Dayshine 2439 days ago

No they can't, not legally.

wpietri 2439 days ago

How's that? Obviously they can't keep the photo. But I don't see what would stop them from "viewing" the publicly available photo and saving markers that let them recognize the face again. After all, that's what any person does when they look at a photo.

tekknik 2439 days ago

The huge difference is having a human do it at scale is cost prohibitive.

TeMPOraL 2439 days ago

PIIs and biometrics are special. So if I upload my photo to LinkedIn, I want it to be available when viewing my LinkedIn profile, but I expect that any other entity that scraps it off LinkedIn can't process it without my explicit consent (thanks to GDPR). Similarly with other data that's about me, a person.

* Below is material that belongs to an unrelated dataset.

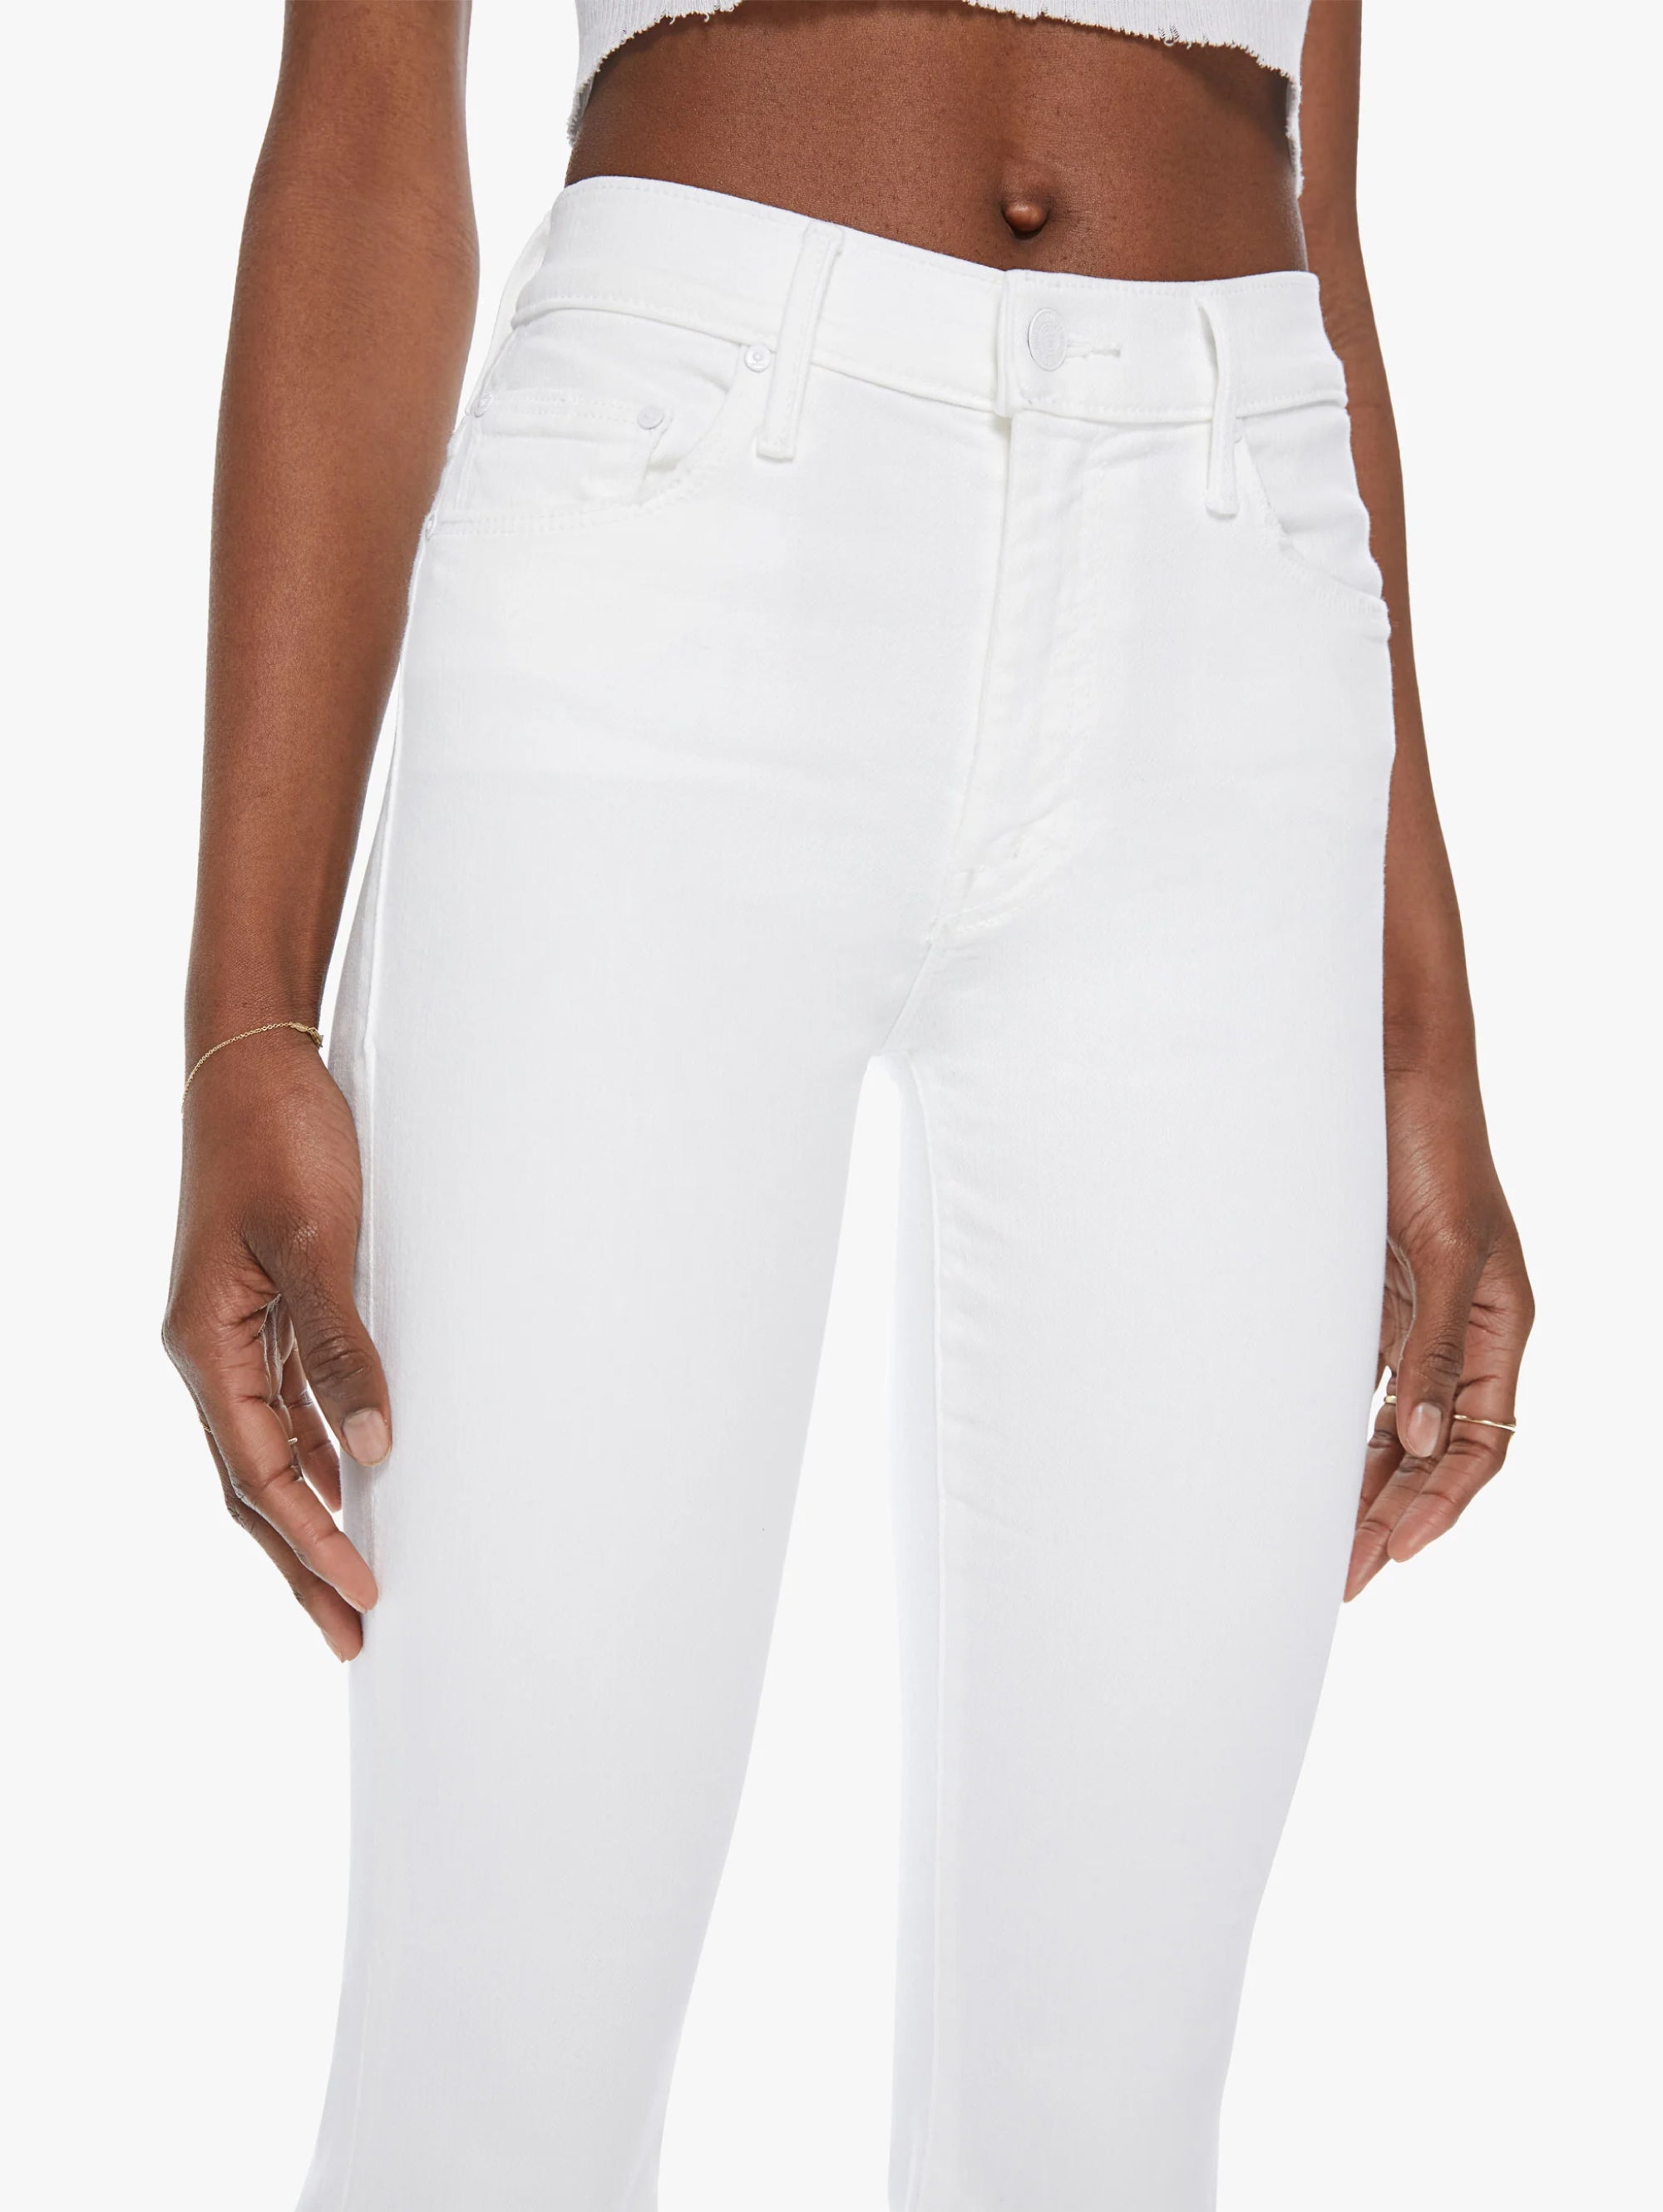 Jeans-Schlag mit weißem Fransensaum
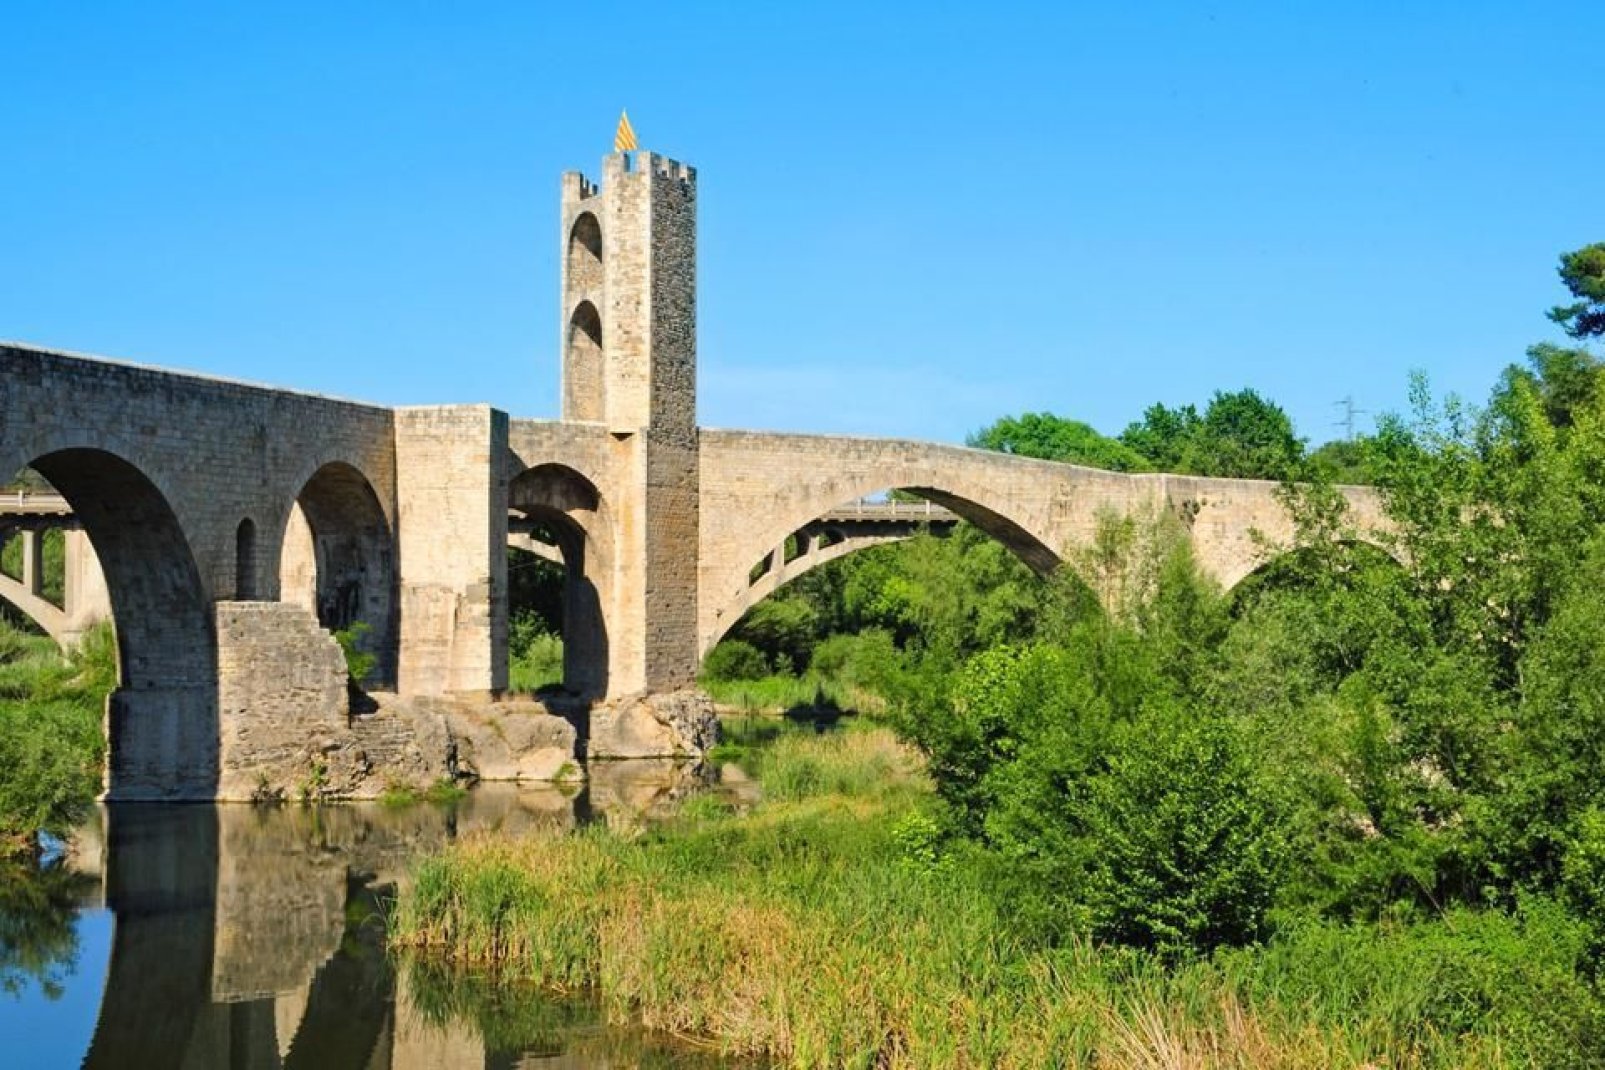 On accède à la ville par un magnifique pont roman du XIIème siècle qui surplombe le fleuve Fluvià.

But all other data, I'd argue, should be fair play. If an e-commerce sites publishes a list of products and prices, I believe it's desirable for other parties to be able to scrap it and process it, e.g. for offering a price comparison service.

rch 2440 days ago

Exactly. I don't like or "enjoy" LinkedIn but I do find it useful professionally.

Now it sounds like this ruling implies that by creating a profile on one platform, I have to accept that every company that comes along can include me in their corpus.

Maybe I should be able to set a pass-through GDPR flag on my profile such that third parties (subject to that regulation) will have to exclude me from their datasets.

dx034 2439 days ago

So Google would need to allow scraping of search results? That would be a huge change, they currently prevent that pretty aggressively.

TeMPOraL 2439 days ago

This is a problem because you're talking personal data, not because of scrapping. Personal / personally identifiable data is special and special protections apply to it. But regular data would fare just fine under GP's proposal.

bobthepanda 2440 days ago

It only applies to data displayed publicly, though. If Facebook and such started requiring logins to see personal data would that be such a bad thing?

jjeaff 2440 days ago

I'm not certain, but it kind of sounds like even things behind a login are still scrapable. Assuming the general public can get a login easily anyway. Basically, just requiring an account is not enough to forbid scraping.

tekknik 2439 days ago

When you talk about data here these are people. This HiQ software is actually a bit scary. What if it gives a false signal which ends in an employees termination? Data on people should not be freely attainable, the person should give explicit access. If I don’t want HiQ processing my information (I don’t) then they shouldn’t be able to. Especially now with some employers requiring a LinkedIn profile.

sireat 2440 days ago

Reddit has a decent API

The golden rule is to use the API before you start raw scraping.

OrgNet 2440 days ago

for IMDb, they have a lot of data that is easily accessible, not sure what is missing though: https://datasets.imdbws.com/...

tdhoot 2440 days ago

Only for personal and non-commercial use, which is probably not what startups need.

OrgNet 2440 days ago

process it on your personal computer and use the output in your startup

dwaltrip 2439 days ago

That intermediate step doesn't get around the license.

OrgNet 2438 days ago

it depends

JustSomeNobody 2440 days ago

Why would they have to make it available to startups in an easily accessible manner?

nitrogen 2440 days ago

IMDB was originally crowdsourced, wasn't it?

JustSomeNobody 2439 days ago

So, have the data available. But I see no reason why they should have to go out of their way to change their site to make it easy for someone to get it.

bewuethr 2440 days ago

It started as lists and shell scripts to query them in the newsgroup rec.arts.movies.

jakeogh 2440 days ago

It's already legal. Adding law adds restrictions.

pharrington 2440 days ago

You're not wrong. In the general case though, adding law can mandate that a certain already occurring activity must be done.

lonelappde 2439 days ago

What gives you a rightful claim to information that I gave to someone else, if neither I nor they consent?

austhrow743 2439 days ago

You did consent. This is about information you gave to LinkedIn and told them to give to the general public.